### Task description
Copy task. Retype the whole listing exactly, omitting any picture in it.

━━━ Data segment ━━━

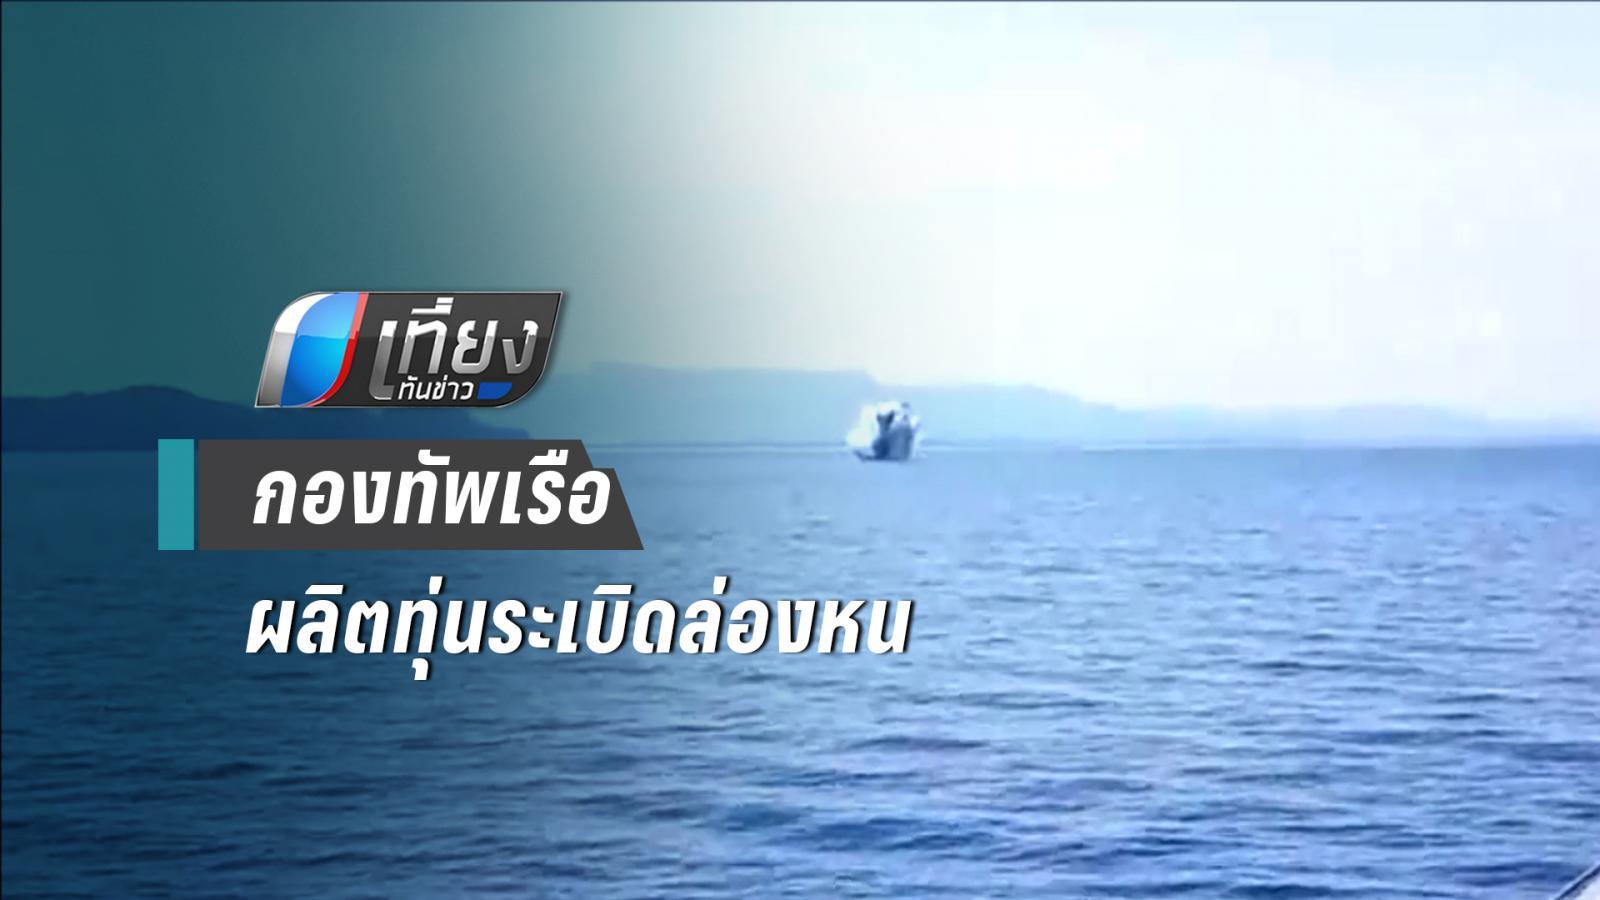 กองทัพเรือผลิตทุ่นระเบิดล่องหน ปราบเรือดำน้ำ
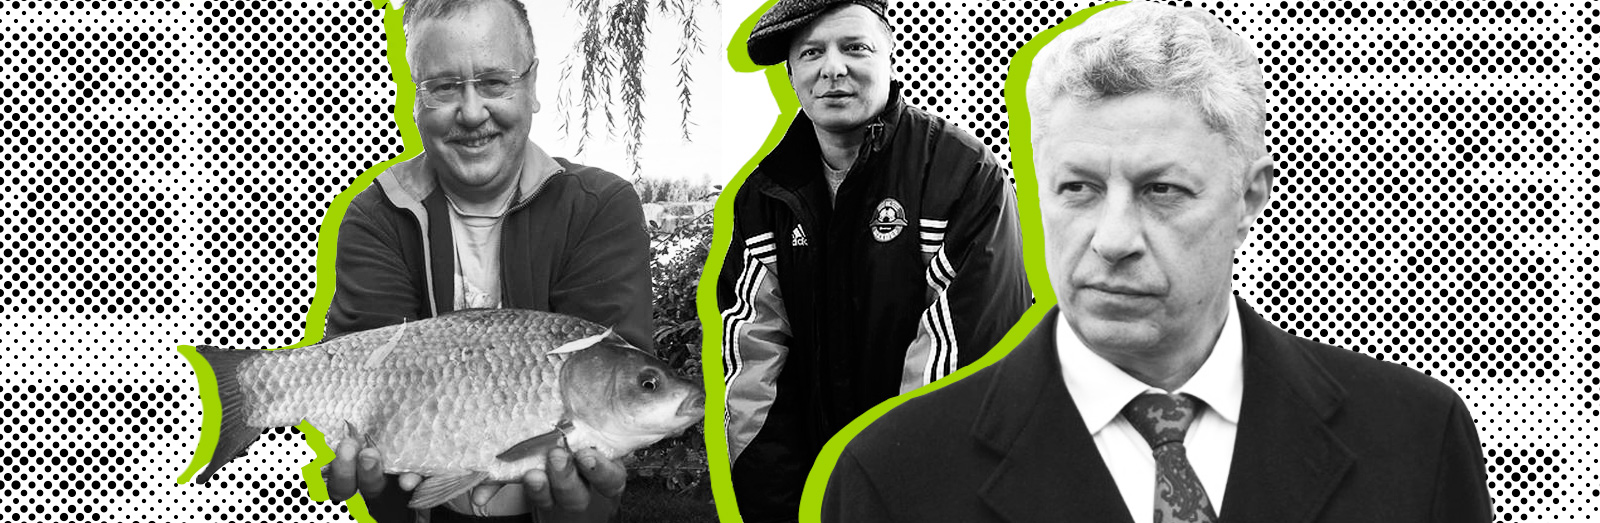 Стиль життя кандидатів. Гриценко на риболовлі, Ляшко з собаками, Бойко у спортивному костюмі (фото)
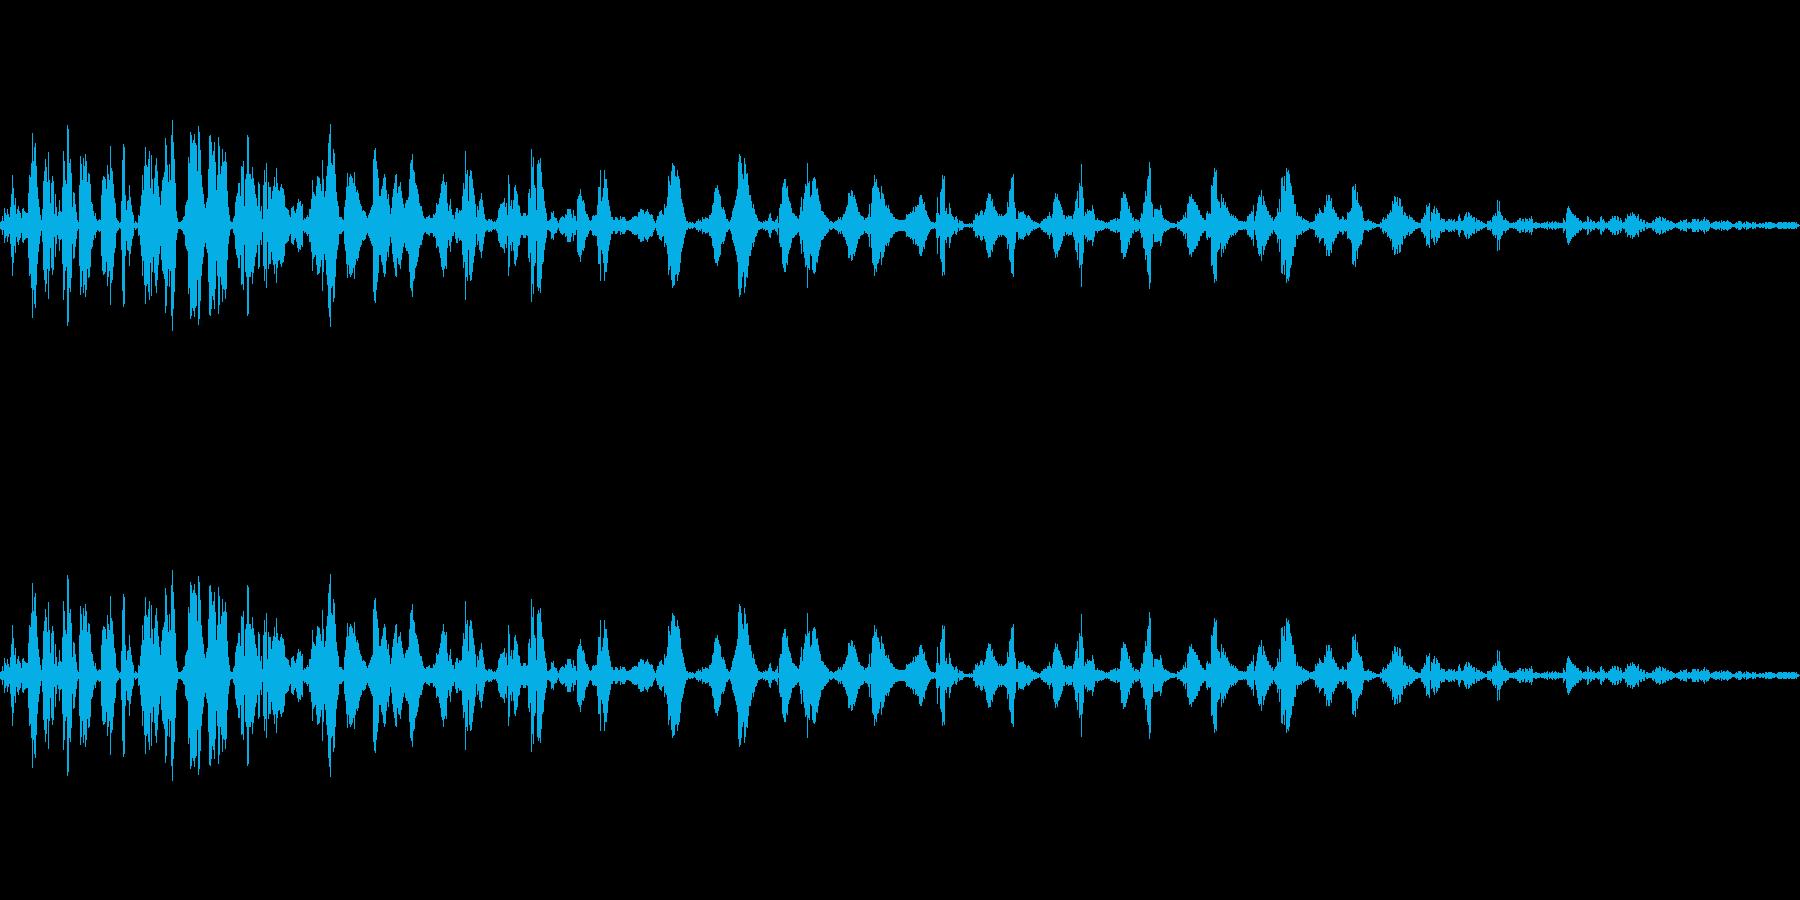 マイナス効果の魔法の効果音イメージ2の再生済みの波形

━━━

### Task answer
 กองทัพเรือผลิตทุ่นระเบิดล่องหน ปราบเรือดำน้ำ
 Стиль життя кандидатів. Гриценко на риболовлі, Ляшко з собаками, Бойко у спортивному костюмі (фото)
 マイナス効果の魔法の効果音イメージ2の再生済みの波形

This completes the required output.